# Cable convertidor de USB a Paralelo Centronics



## Kondor (Sep 20, 2006)

Hola.

A ver si alguien me puede ayudar, tengo una impresora HP LaserJet IIp pLus con conector paralelo centronics y una Laptop Sin puerto paralelo, la cuestion es que si alguien tiene la configuracion para construir un cable de USB a paralelo centronics. Se los agradeceria bastante


----------



## JV (Sep 22, 2006)

La cuestion es que no es tan simple, no se trata de un cable nada mas, estamos hablando de un circuito que convierta información SERIE de 5V en información PARALELA de 12V con distintas velocidades y aparte toda la logica necesaria para que las lineas de control de paralelo salgan de los datos transmitidos por el USB.

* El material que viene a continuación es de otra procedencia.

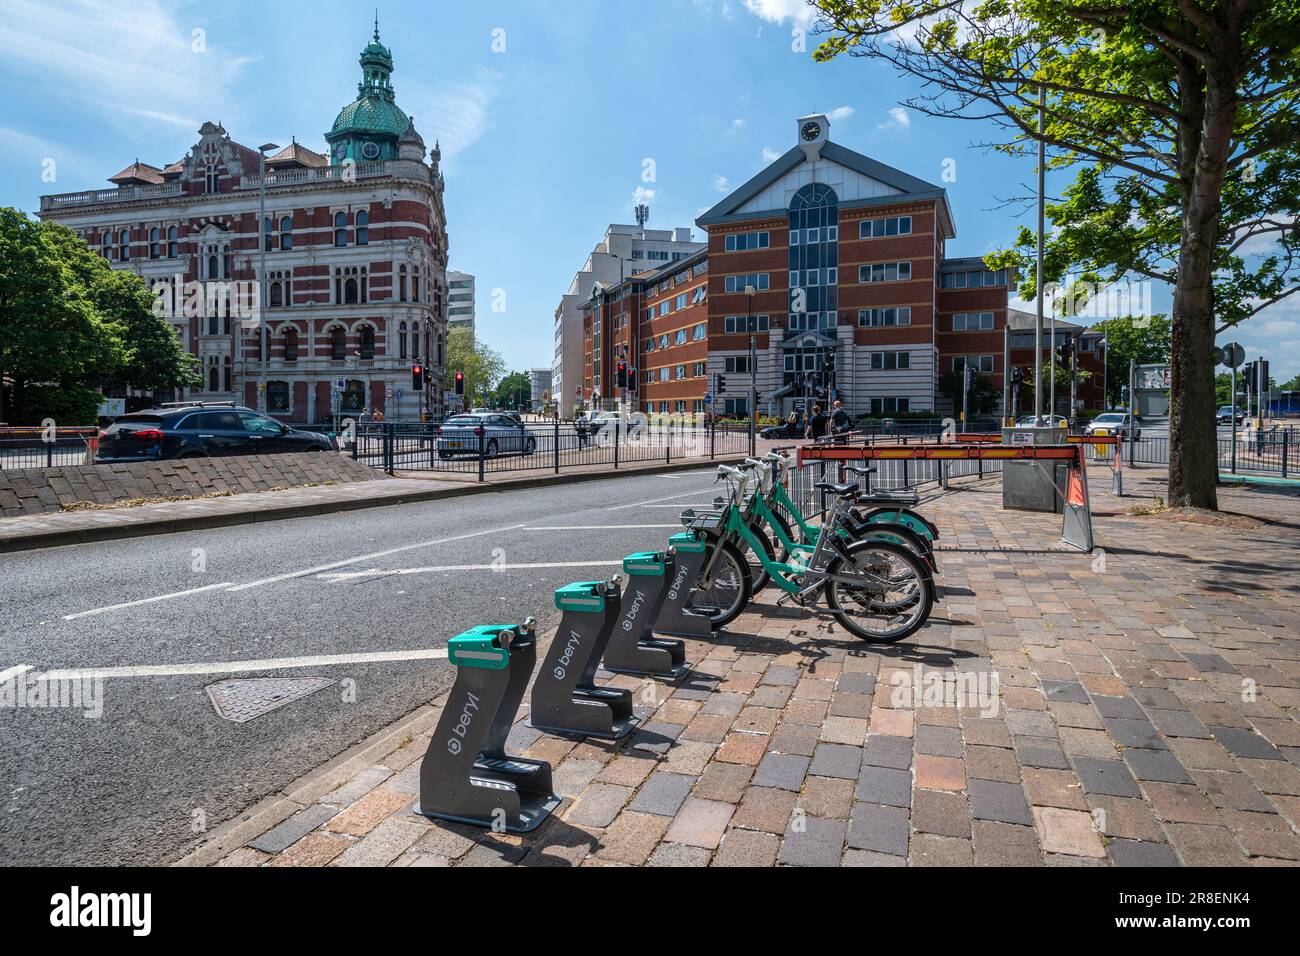 Rack de vélos électriques, location de vélos, transport écologique dans le centre-ville de Portsmouth, Hampshire, Angleterre, Royaume-Uni Banque D'Images

Creo mas factible que trates de buscar un equipo armado si es que existe, yo no conosco.


----------



## hawk360 (Sep 22, 2006)

El puerto paralelo tb funciona a 5 V pero bueno tampoco kita complejidad al asunto. En el mercado tienes convertidores de este tipo x unos 20 €. Otra cosa es que kieras montarlo tu pq t apetece...


----------



## Kondor (Sep 25, 2006)

si el asusnto es que el costo que he visto en el mercado es de 30 a 40 Dolares y la verdad queria saber si sale mas barato fabricarlo uno mismo, por que en el caso contrario me convienne mejor comprarme una impresora con puerto USB.

Muchas Gracias por Su ayuda.


----------



## Willington (Sep 25, 2006)

Mejor compratelo,   porque no solo es armar un cablecito y ya
tambien tiendes que escribir un driver .... 
no mas mira esta paginita http://www.beyondlogic.org/usb/usbdevdrvs.htm


----------